After he left that Saturday, Aunty Uju asked Ifemelu, “What did you think?”
“He uses bleaching creams.”
“What?”
“Couldn’t you see? His face is a funny color. He must be using the cheap ones with no sunscreen. What kind of man bleaches his skin, biko?”
Aunty Uju shrugged, as though she had not noticed the greenish-yellow tone of the man’s face, worse at his temples.
“He’s not bad. He has a good job.” She paused. “I’m not getting any younger. I want Dike to have a brother or a sister.”
“In Nigeria, a man like him would not even have the courage to talk to you.”
“We are not in Nigeria, Ifem.”
Before Aunty Uju went into the bedroom, tottering under her many anxieties, she said, “Please just pray that it will work.”
Ifemelu did not pray, but even if she did, she could not bear praying for Aunty Uju to be with Bartholomew. It saddened her that Aunty Uju had settled merely for what was familiar.

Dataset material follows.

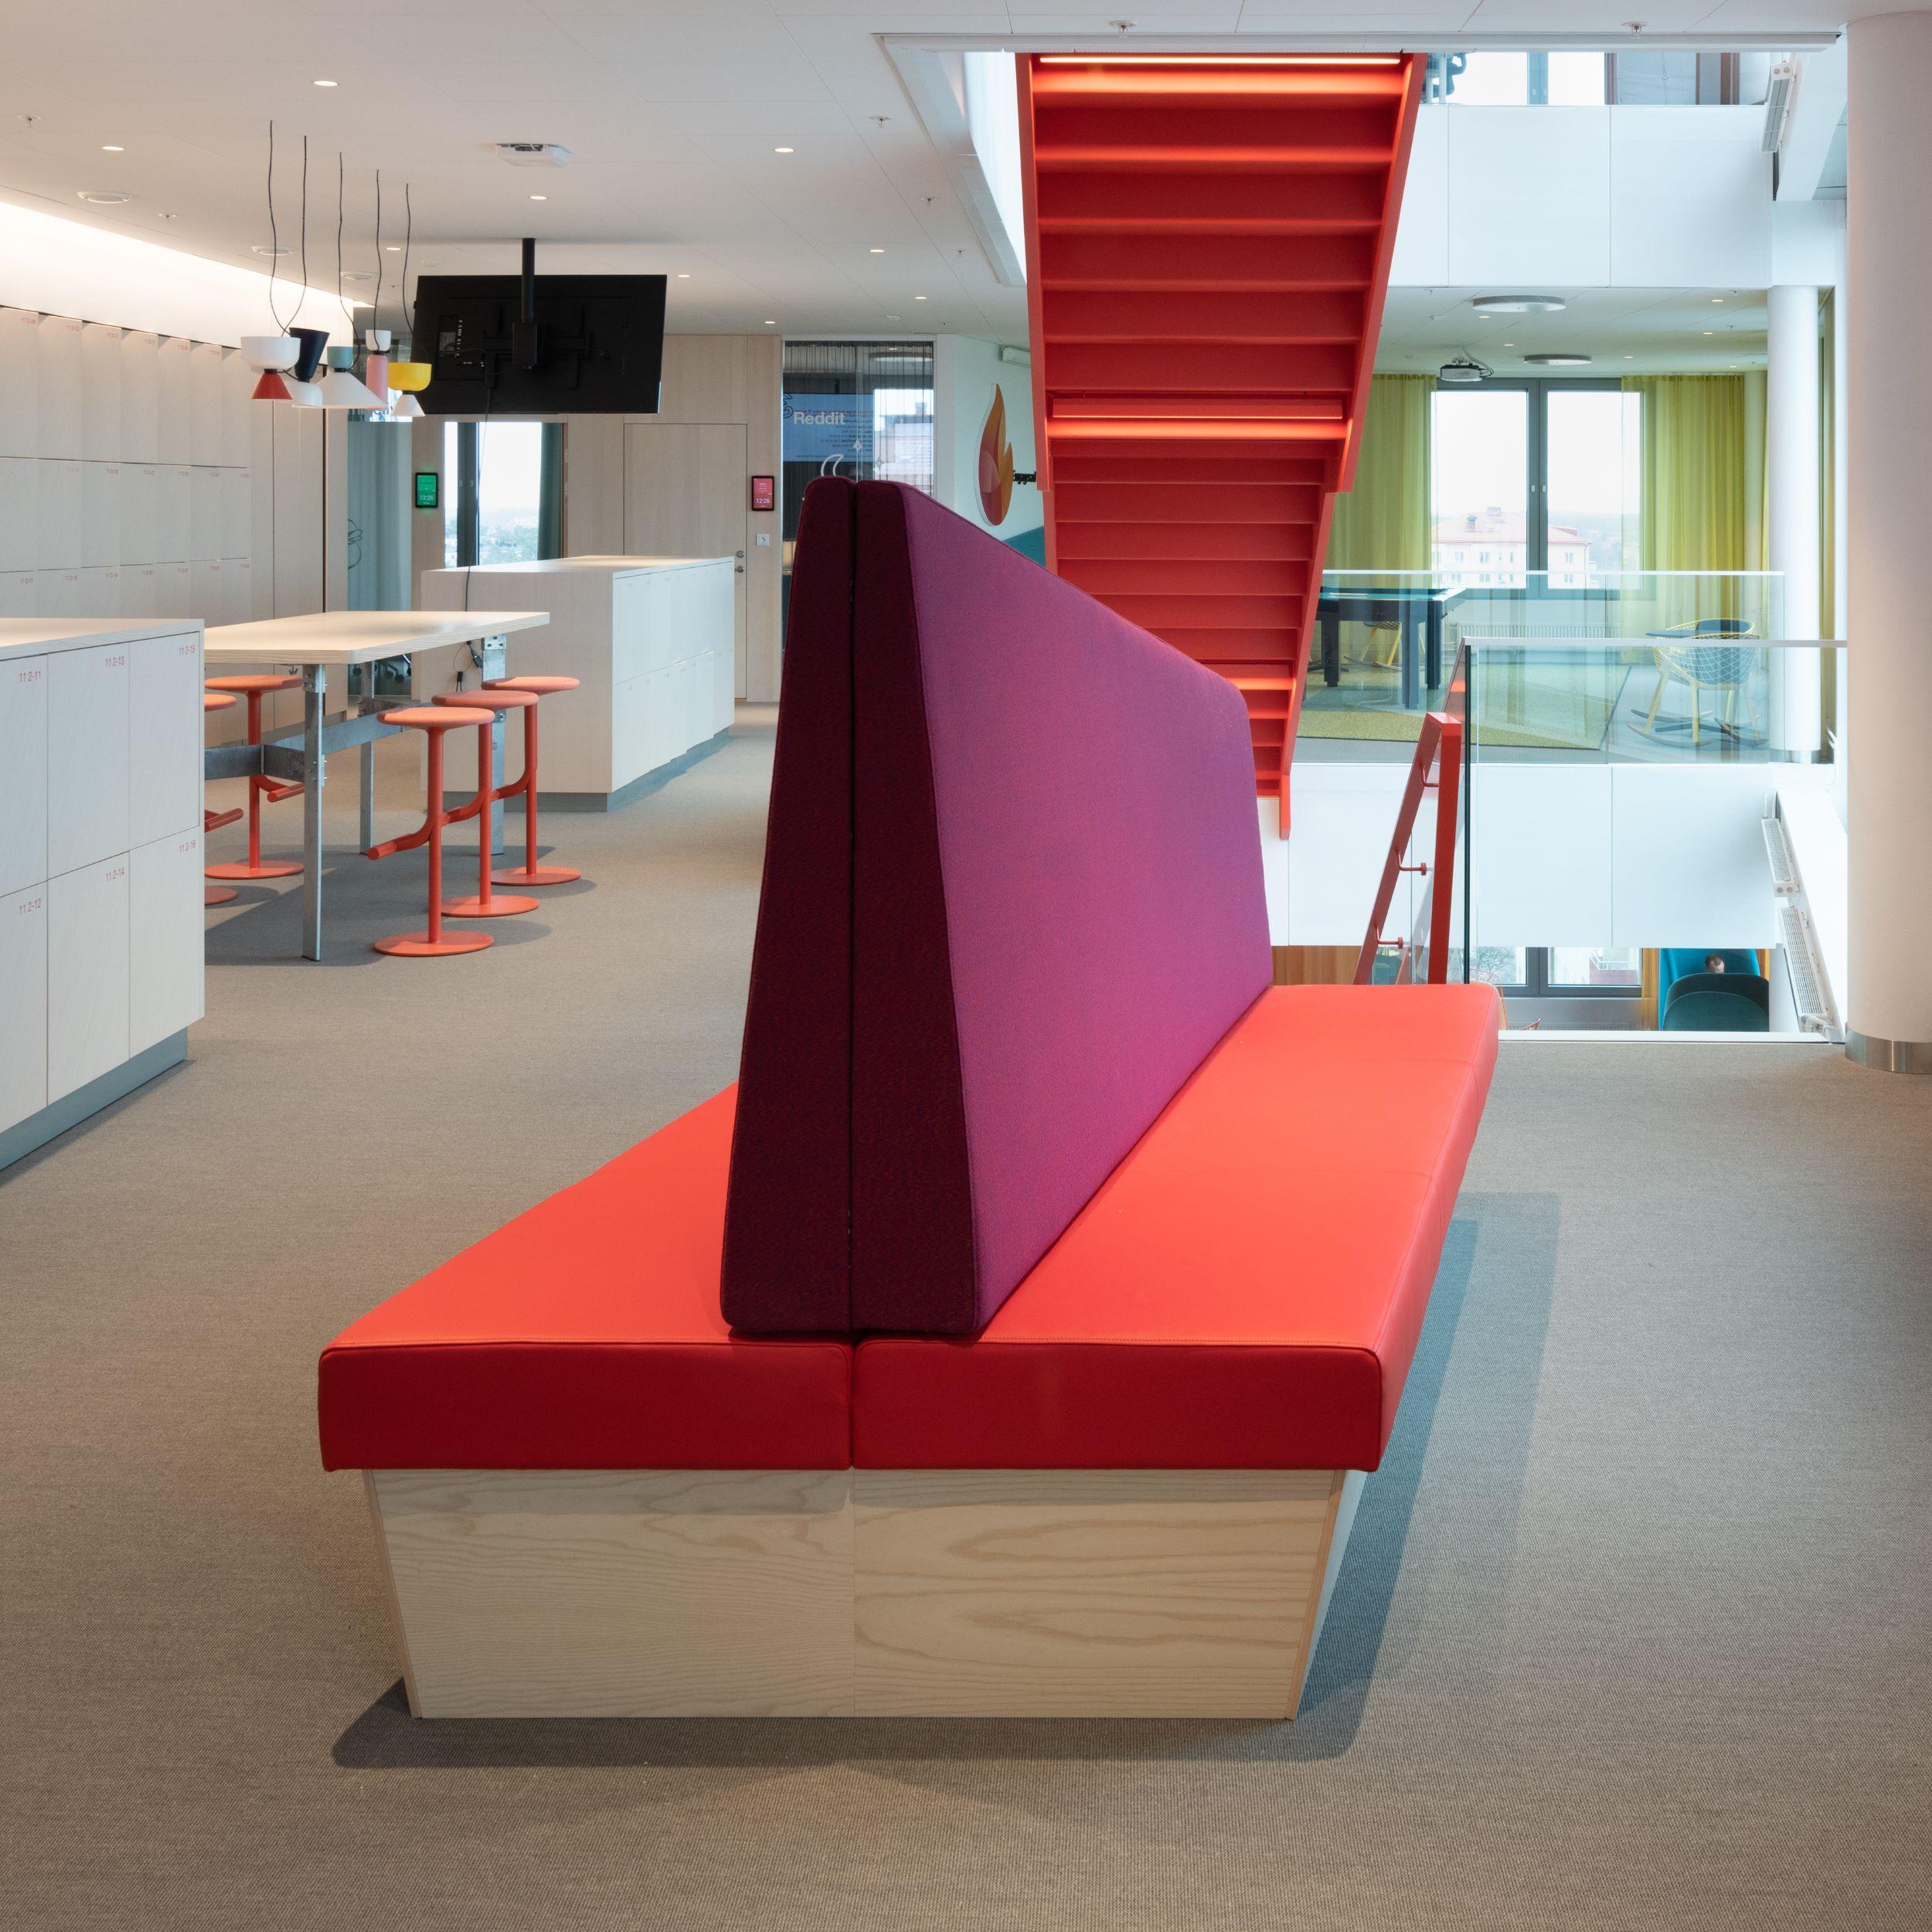 Studio-Stockholm-Lindelöfs-Office-Stockholm-Sweden-offecct-14462.jpg

BECAUSE OF OBINZE, Manhattan intimidated Ifemelu. The first time she took the subway from Brooklyn to Manhattan, her palms sweaty, she walked the streets, watching, absorbing. A sylphlike woman running in high heels, her short dress floating behind her, until she tripped and almost fell, a pudgy man coughing and spitting on the curb, a girl dressed all in black raising a hand for the taxis that sliced past. The endless skyscrapers taunted the sky, but there was dirt on the building windows. The dazzling imperfection of it all calmed her. “It’s wonderful but it’s not heaven,” she told Obinze. She could not wait until he, too, saw Manhattan. She imagined them both walking hand in hand, like the American couples she saw, lingering at a shop window, pausing to read menus taped on restaurant doors, stopping at a food cart to buy cold bottles of iced tea. “Soon,” he said in his letter. They said “soon” to each other often, and “soon” gave their plan the weight of something real.
FINALLY, Aunty Uju’s result came. Ifemelu brought in the envelope from the mailbox, so slight, so ordinary, United States Medical Licensing Examination printed on it in even script, and held it in her hand for a long time, willing it to be good news. She raised it up as soon as Aunty Uju walked indoors. Aunty Uju gasped. “Is it thick? Is it thick?” she asked.
“What? Gini?” Ifemelu asked.
“Is it thick?” Aunty Uju asked again, letting her handbag slip to the floor and moving forward, her hand outstretched, her face savage with hope. She took the envelope and shouted, “I made it!” and then opened it to make sure, peering at the thin sheet of
paper. “If you fail, they send you a thick envelope so that you can reregister.”
“Aunty! I knew it! Congratulations!” Ifemelu said.
Aunty Uju hugged her, both of them leaning into each other, hearing each other’s breathing, and it brought to Ifemelu a warm memory of Lagos.
“Where’s Dike?” Aunty Uju asked, as though he was not already in bed when she came home from her second job. She went into the kitchen, stood under the bright ceiling light and looked, again, at the result, her eyes wet. “So I will be a family physician in this America,” she said, almost in a whisper. She opened a can of Coke and left it undrunk.
Later, she said, “I have to take my braids out for my interviews and relax my hair. Kemi told me that I shouldn’t wear braids to the interview. If you have braids, they will think you are unprofessional.”
“So there are no doctors with braided hair in America?” Ifemelu asked.
“I have told you what they told me. You are in a country that is not your own. You do what you have to do if you want to succeed.”